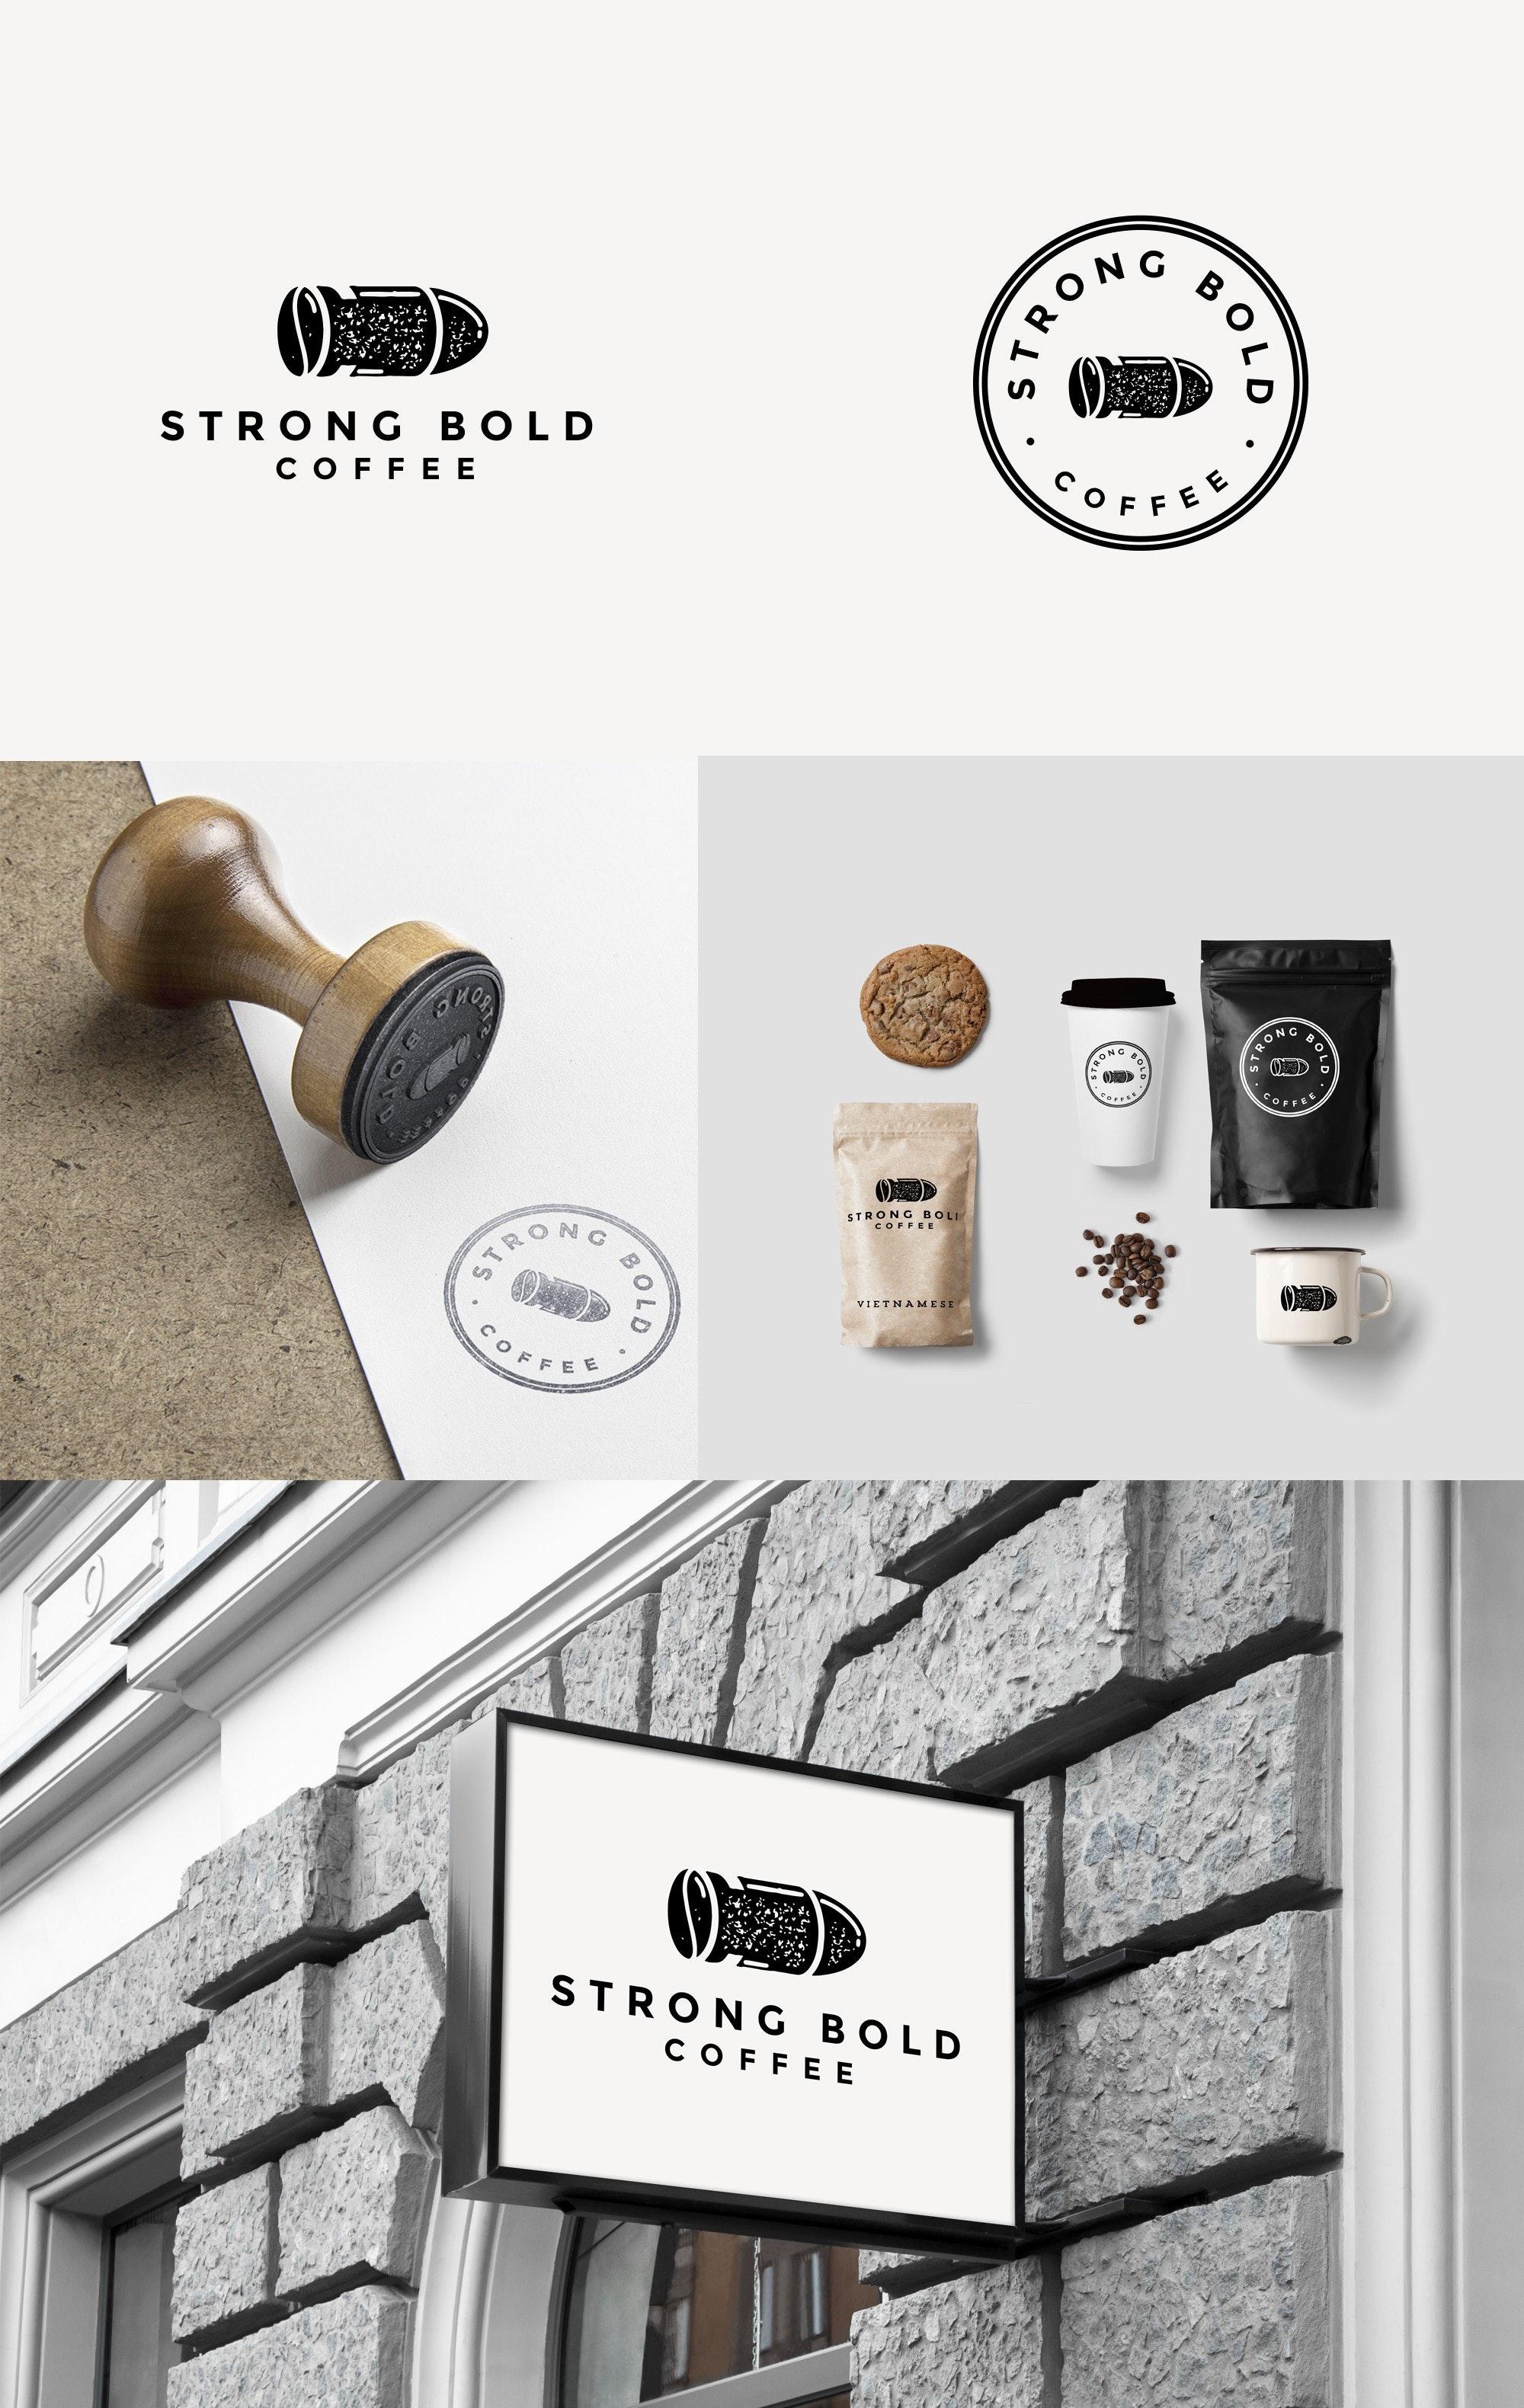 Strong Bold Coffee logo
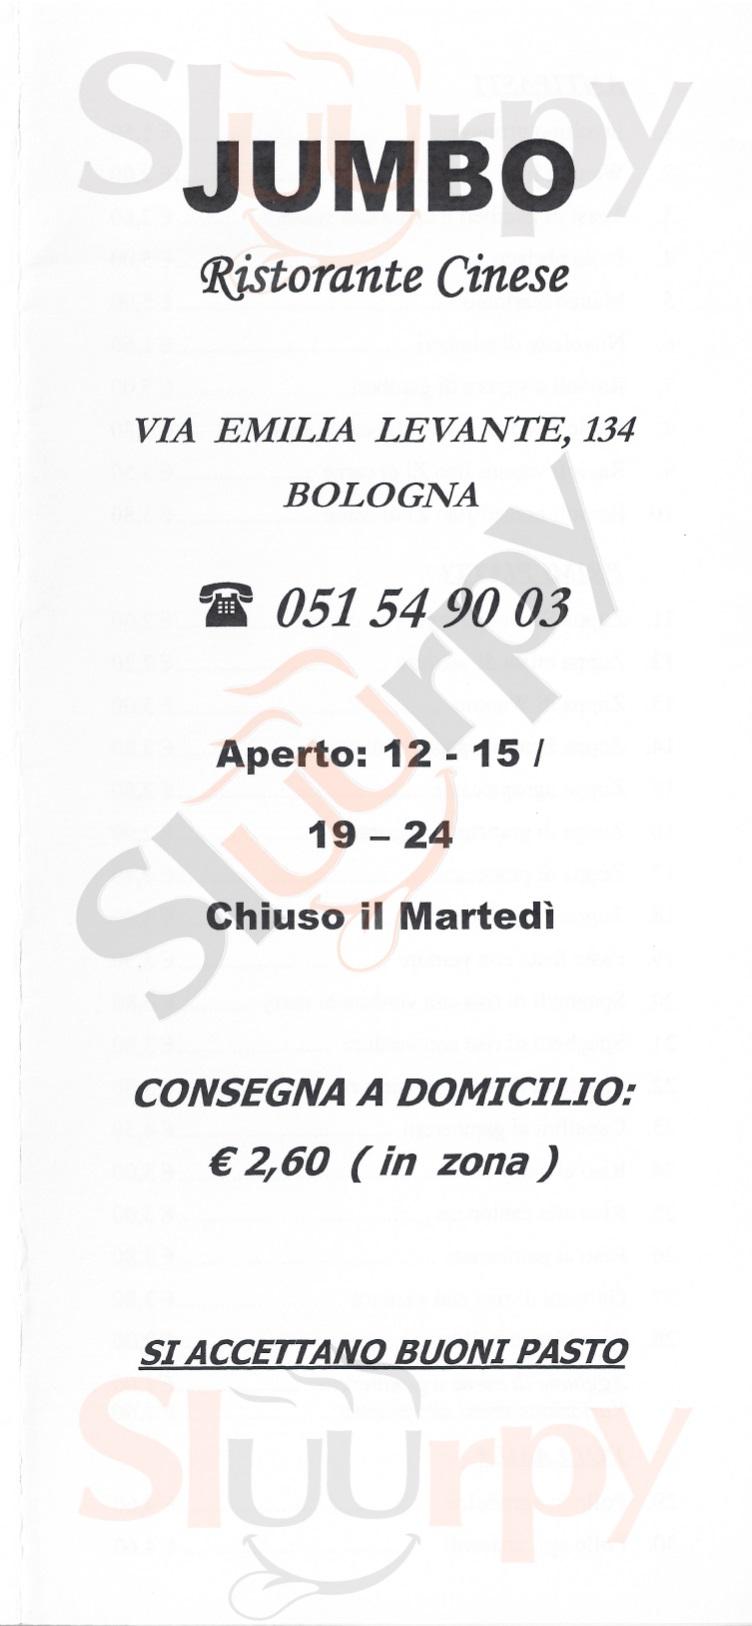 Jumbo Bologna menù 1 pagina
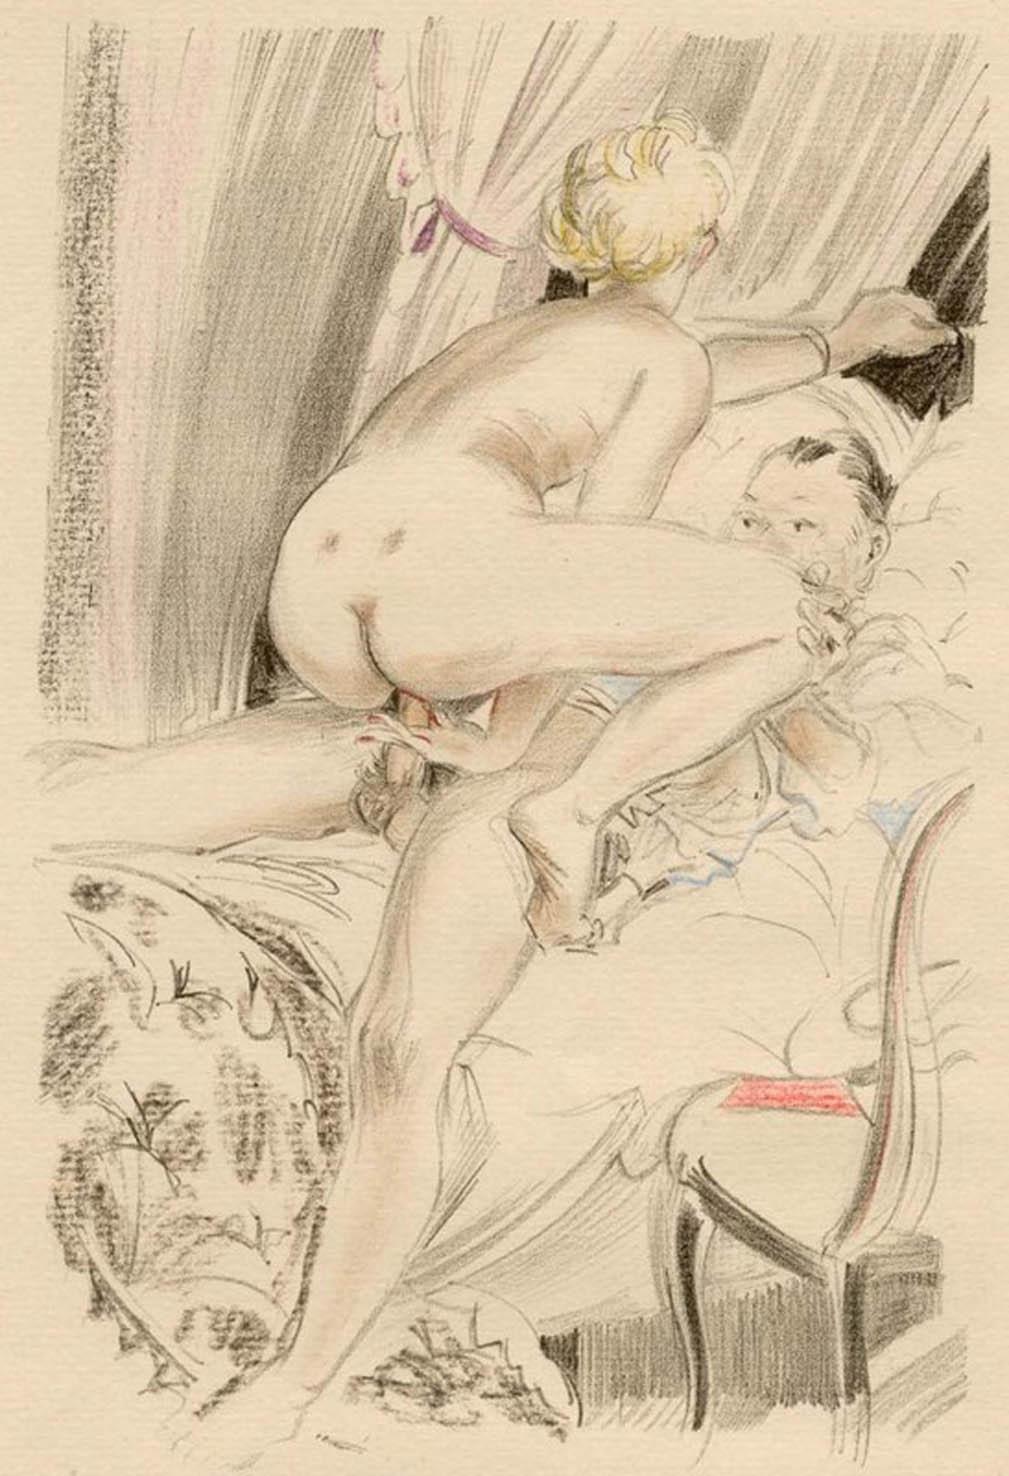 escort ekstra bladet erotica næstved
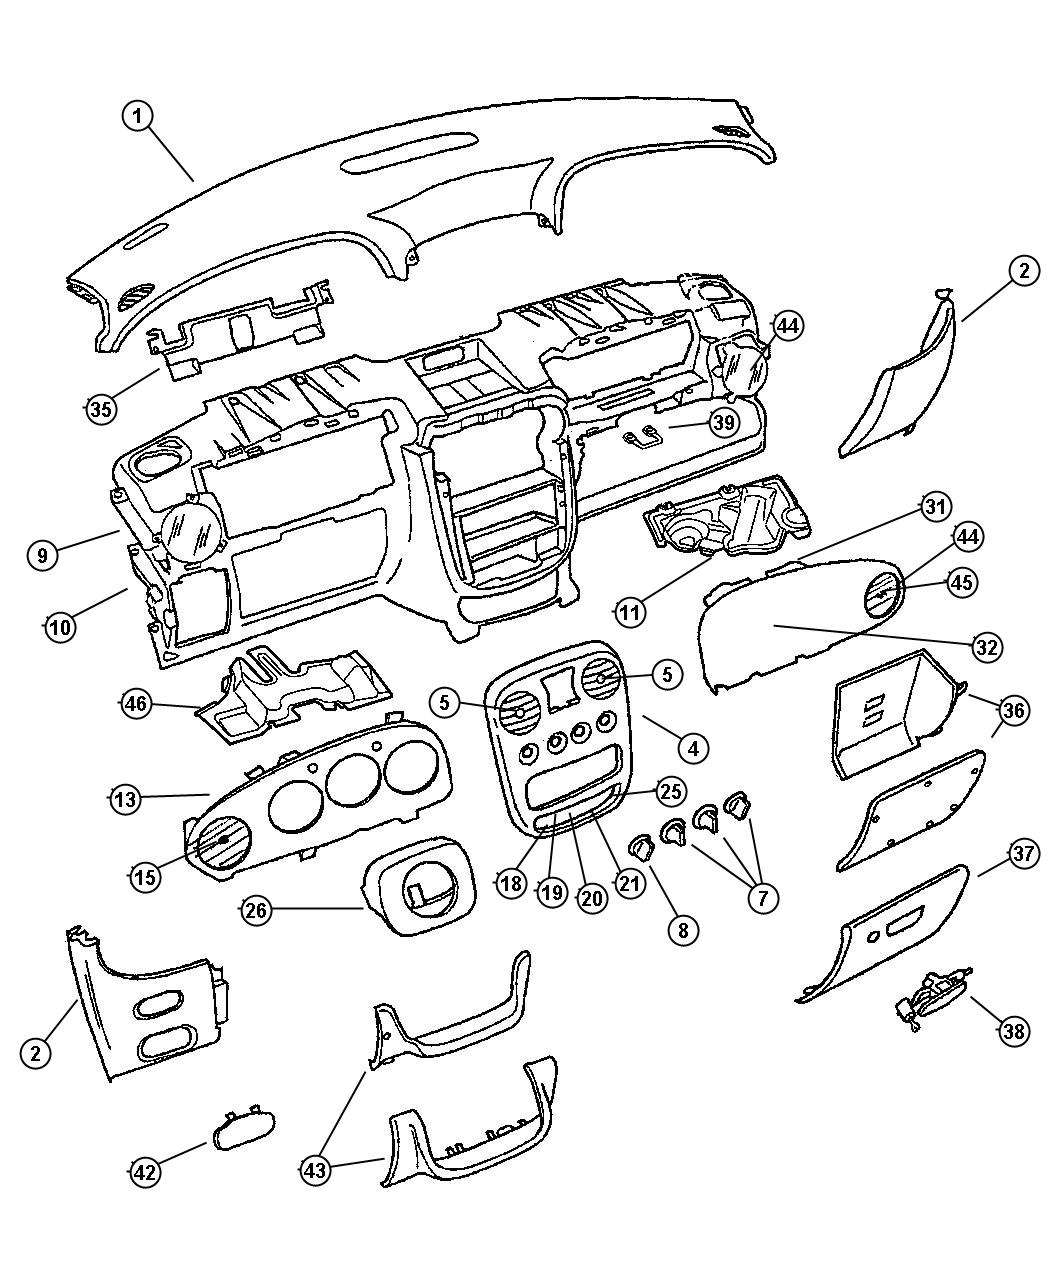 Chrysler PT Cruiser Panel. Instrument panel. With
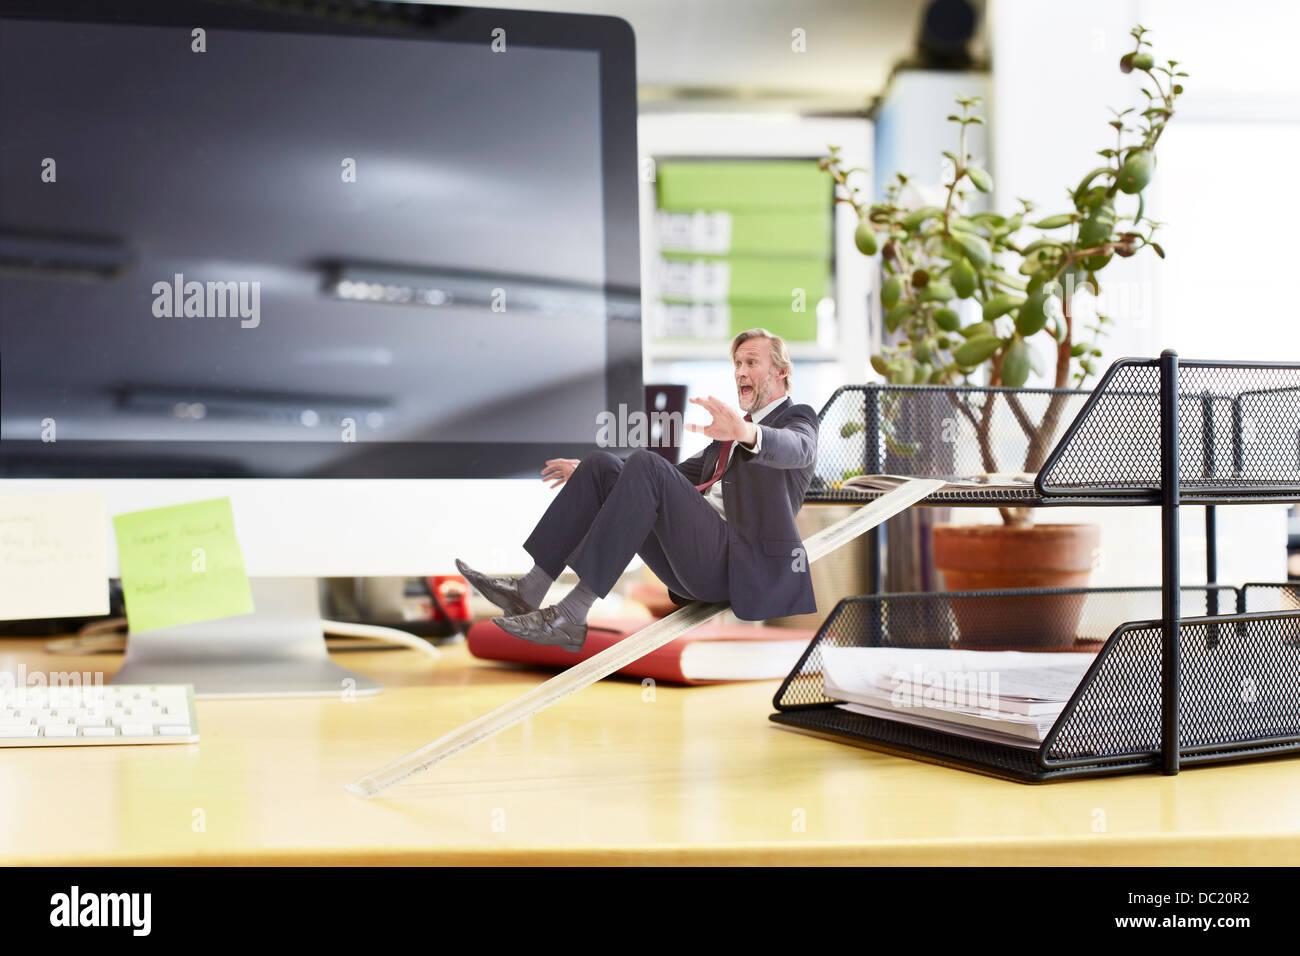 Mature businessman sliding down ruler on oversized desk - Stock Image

● **TASK GOAL**:
Keep the pictures out of the copy and write out the data exactly as it stands.

● **EXERCISE ANSWER**:
 Strong Bold Coffee logo
 Jumbo Bologna menù 1 pagina
 escort ekstra bladet erotica næstved
 Chrysler PT Cruiser Panel. Instrument panel. With
 Mature businessman sliding down ruler on oversized desk - Stock Image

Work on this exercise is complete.